The Binding

I like a good horror novel, and I’m always willing to try out a new author, however, not everyone can pull off a good story. The Binding is set in New England with a story that slowly, very slowly, reveals itself to be a zombie voodoo witch doctor story. It’s a good premise, but the author struggles to develop and maintain good characters. There’s potential, but it’s destroyed by shallow, erratic character decisions and unlikeable characteristics. Underneath it all, there’s a good story idea, but as with the characters, the author struggles to bring that story to life.

Sometimes keeping readers in the dark is a bad move. With The Binding, the first half of the book keeps the plot shrouded in mystery as the story darts between serial killers, ghosts and straight up zombies. The author keeps readers guessing at what the threat is. When the plot is finally revealed halfway through, it seemed like a glimmer of hope. But the author does two things that really rob the story of its impact. First, he relies on telling the origin of the zombie threat via a journal which leads to a slightly stilted and less than enjoyable experience. The actually style of the narrative changes as it’s literally pages from a diary. Had they done this reveal as a flashback, it would have worked a lot better, as this is a sizeable chunk of the book. The author is good at submersing the reader in the scenery and in the shoes of the characters. By telling the origin via journal entries, the reader is removed from the experience, thus making it less impactful.

The second issue is that the big climax of the story comes to a sudden, confusing halt and it’s told mostly in the form of a doctor’s report. This again robs the story of impact, divorcing the reader from the intimacy of the action and unfurling events. The final chapter jumps to another character, providing minimal closure for the book. There are tons of unanswered questions, and I can’t help but feel the author took shortcuts to finish the story rather than taking the time to tell the whole thing.

On top of the flaws in the structure of the story, the author also utilizes very flawed characters. Now people often add flaws to their characters to make them more believable and realistic. However, the flaws in this book make the characters unlikeable. In a way, I guess there’s a delicate balance between adding flaws to characters to make them interesting, and going too far with the flaws to the point that it makes them unlikeable. It’s hard to get behind any of the characters.

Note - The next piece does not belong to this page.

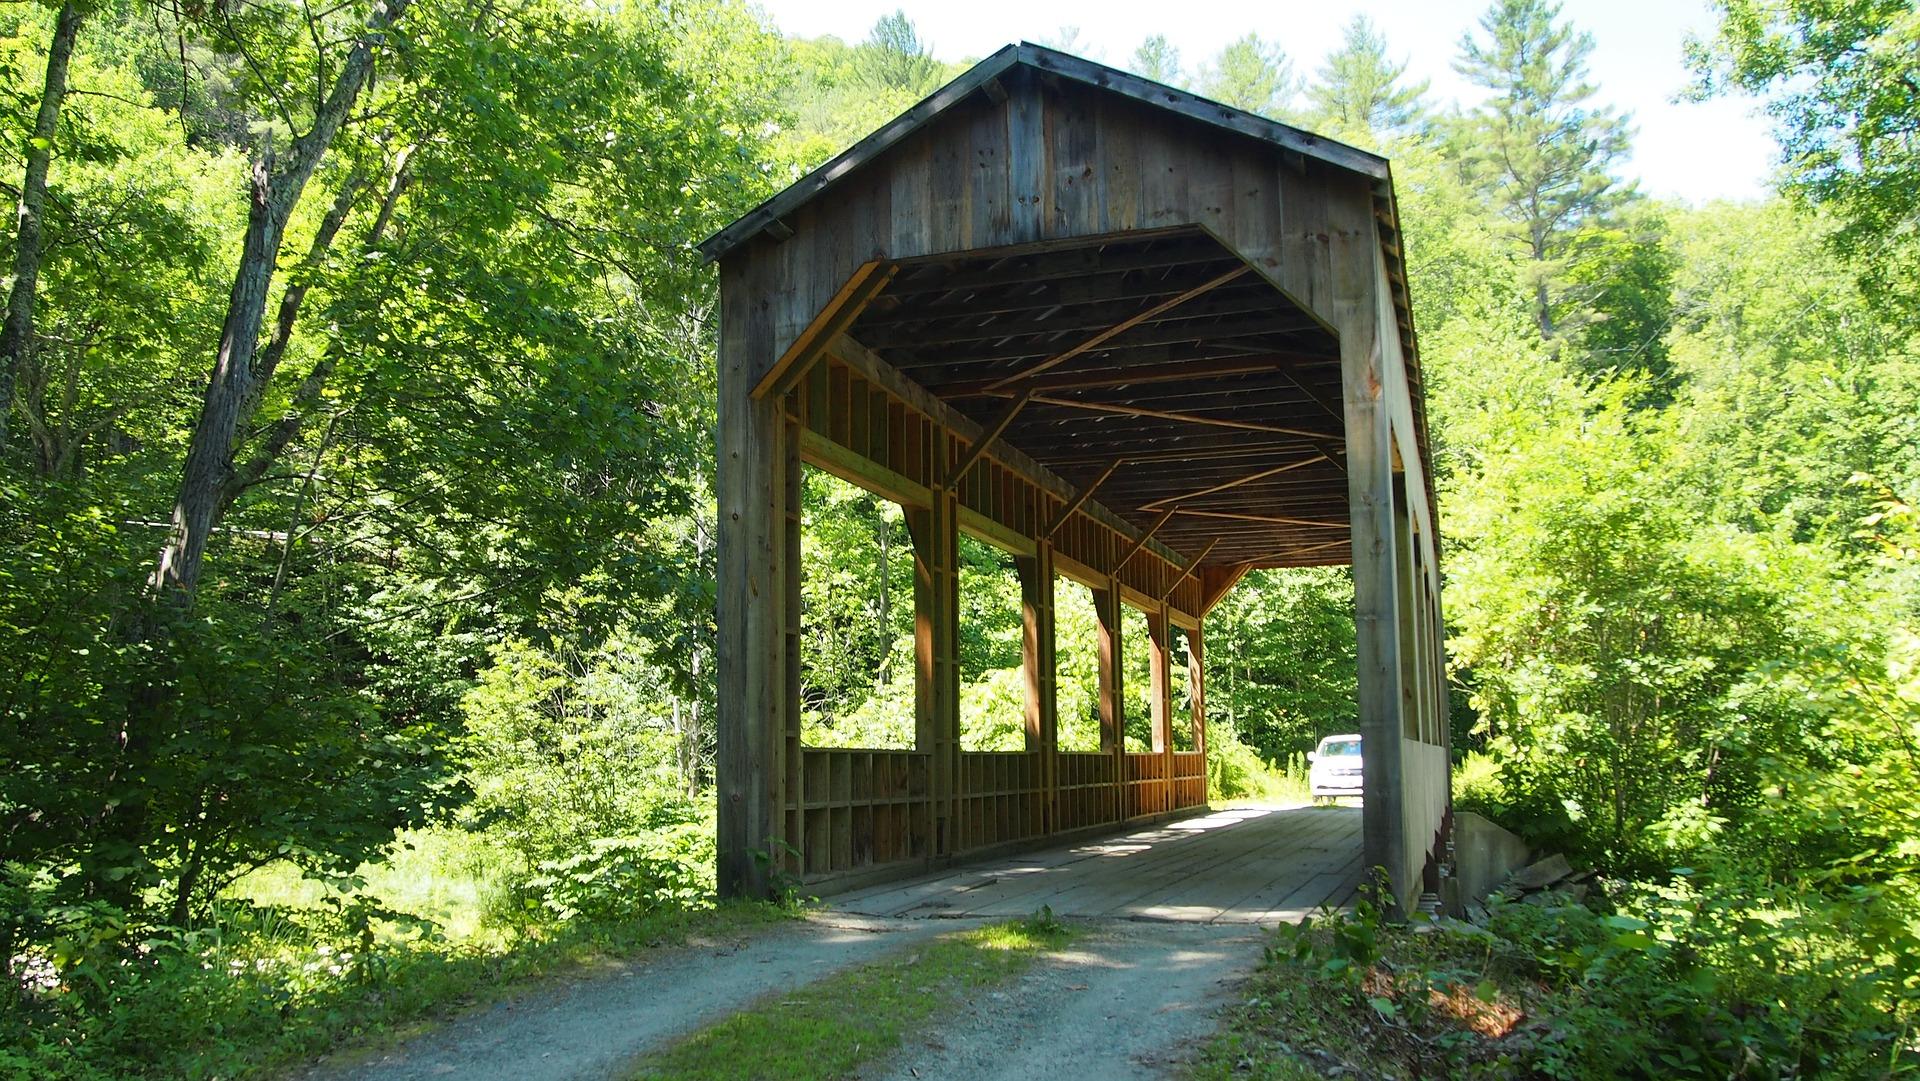 bridge-1537872_1920.jpg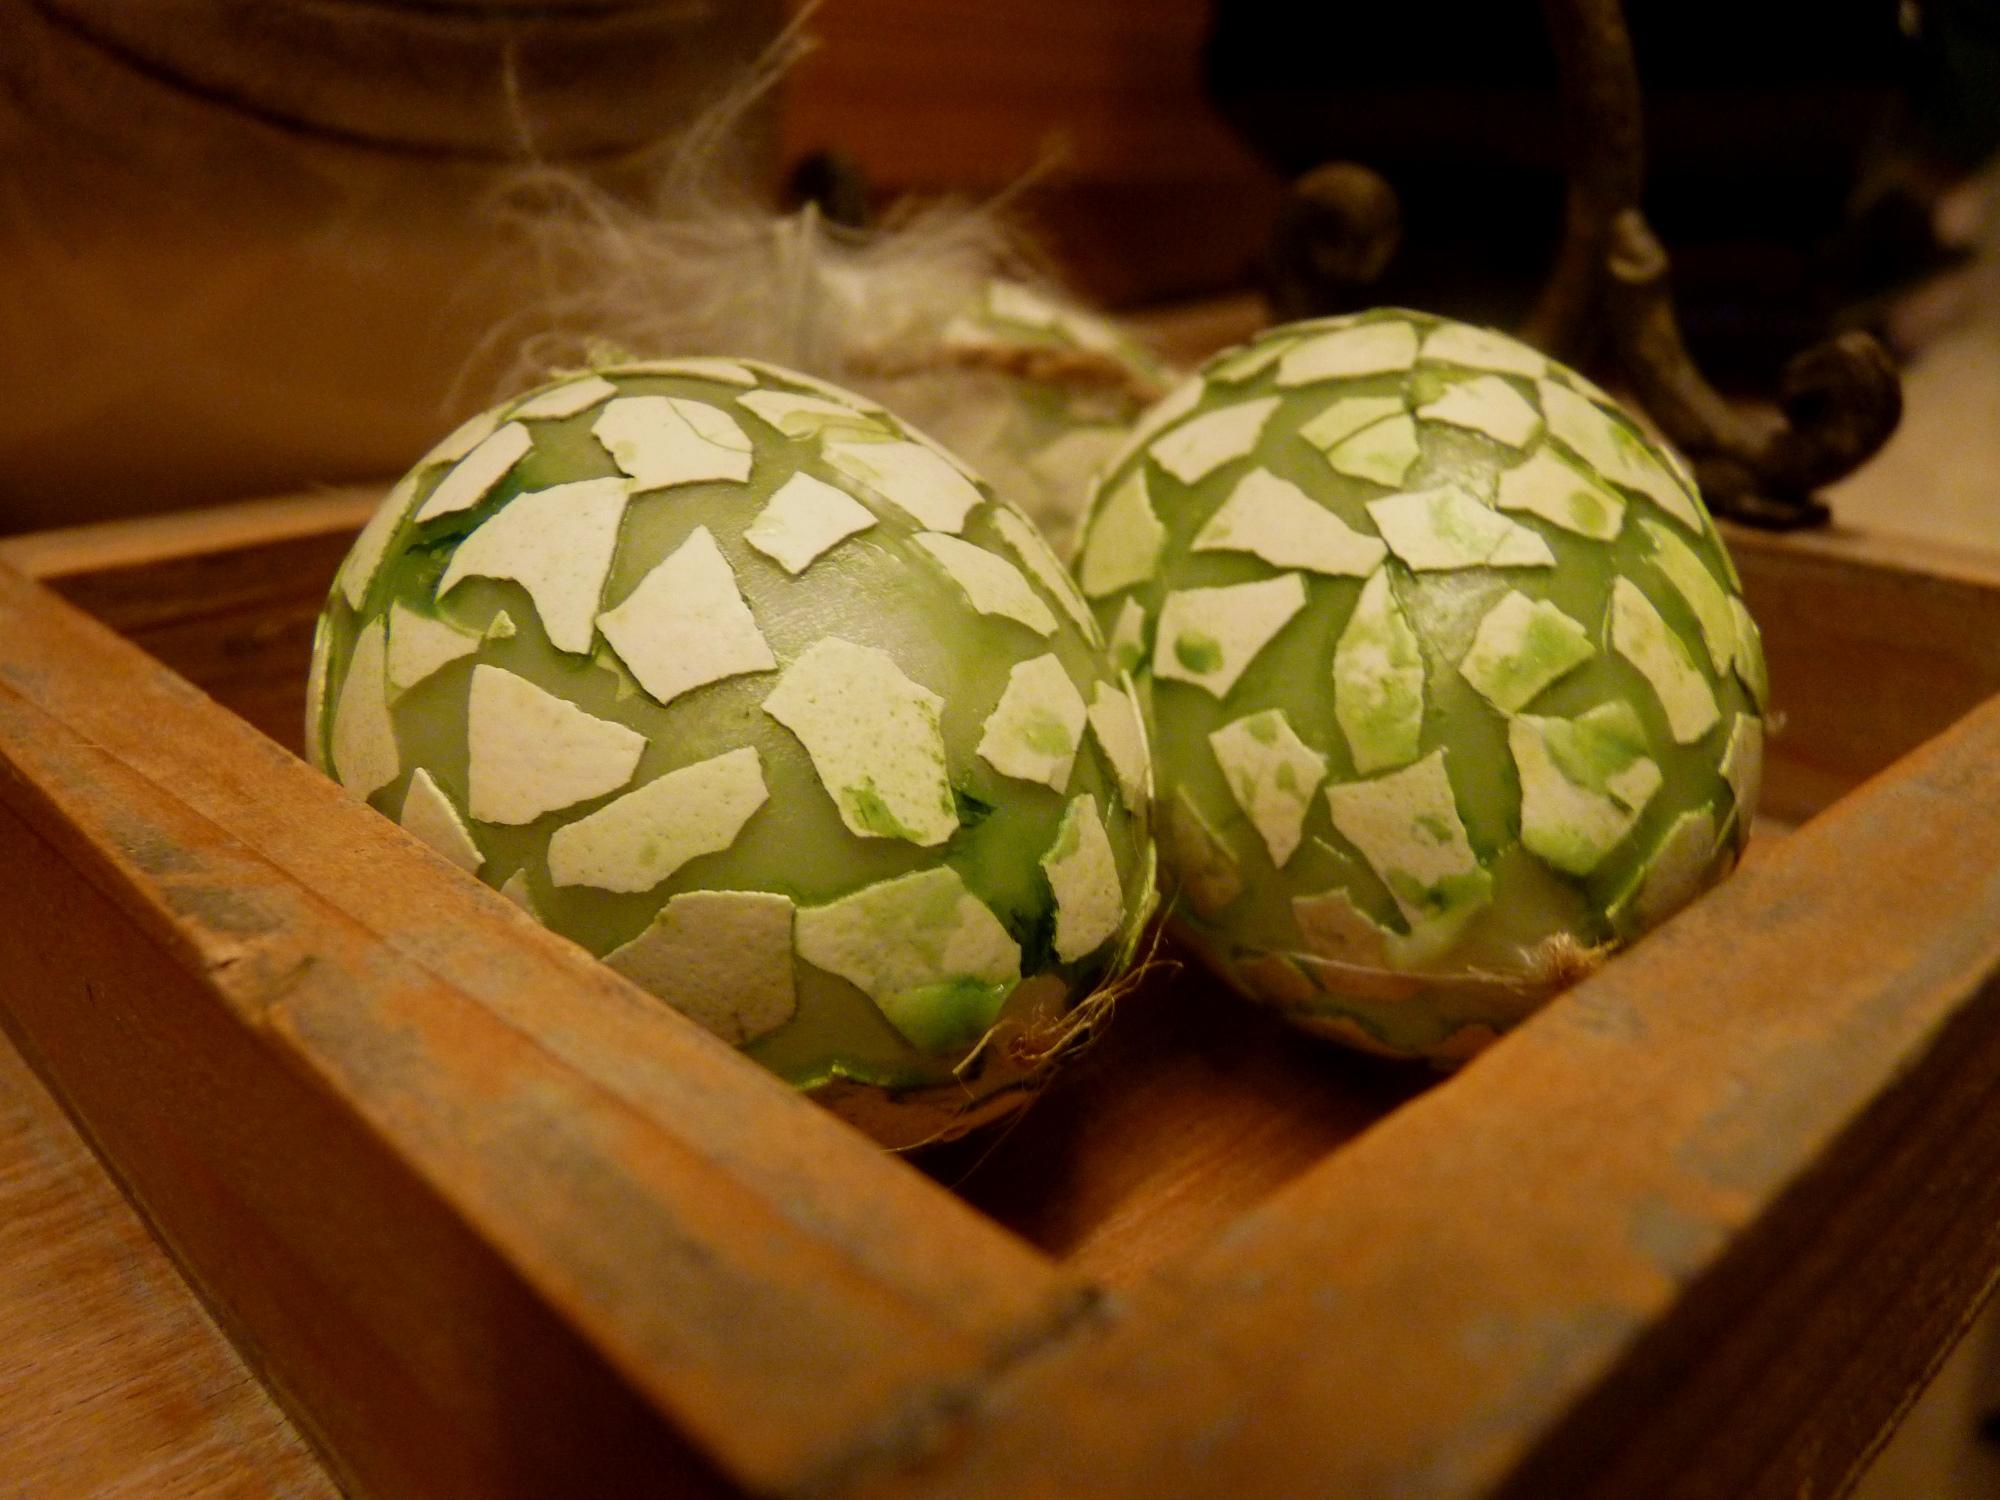 Foto: Foto der Woche #042: Eier, die Erste

So, how can a book with so many flaws still be worth a possible read? Well, the one saving grace of the book is the idea buried deep within. Now this is a major spoiler, so if there’s any chance you still might be interested in reading the book, stop now. For those who aren’t willing to suffer through the story to find out what it’s all about, here goes. The things in the book aren’t ghosts, they’re nzombes under the sway of an evil sorcerer call The Traveller. The Traveller can possess both the living and the dead and he’s been haunting this community for a long time. Way back in 1919, members of the community where part of a military expedition to Haiti where they wound up torturing this sorcerer and killing him. However, they didn’t truly kill him. Such was his power that he was able to haunt them by taking over others, whether alive or dead, thus cursing the families who caused him pain. It’s a pretty cool story idea and a very different twist on zombies. Alas, the weaknesses mentioned above cause the overall story to fall way shot of what it could have been.

As is, I give The Binding a three out of five metal bikinis. It had potential but the author was not able to pull it off.

Reviewed By: Skuldren for Roqoo Depot.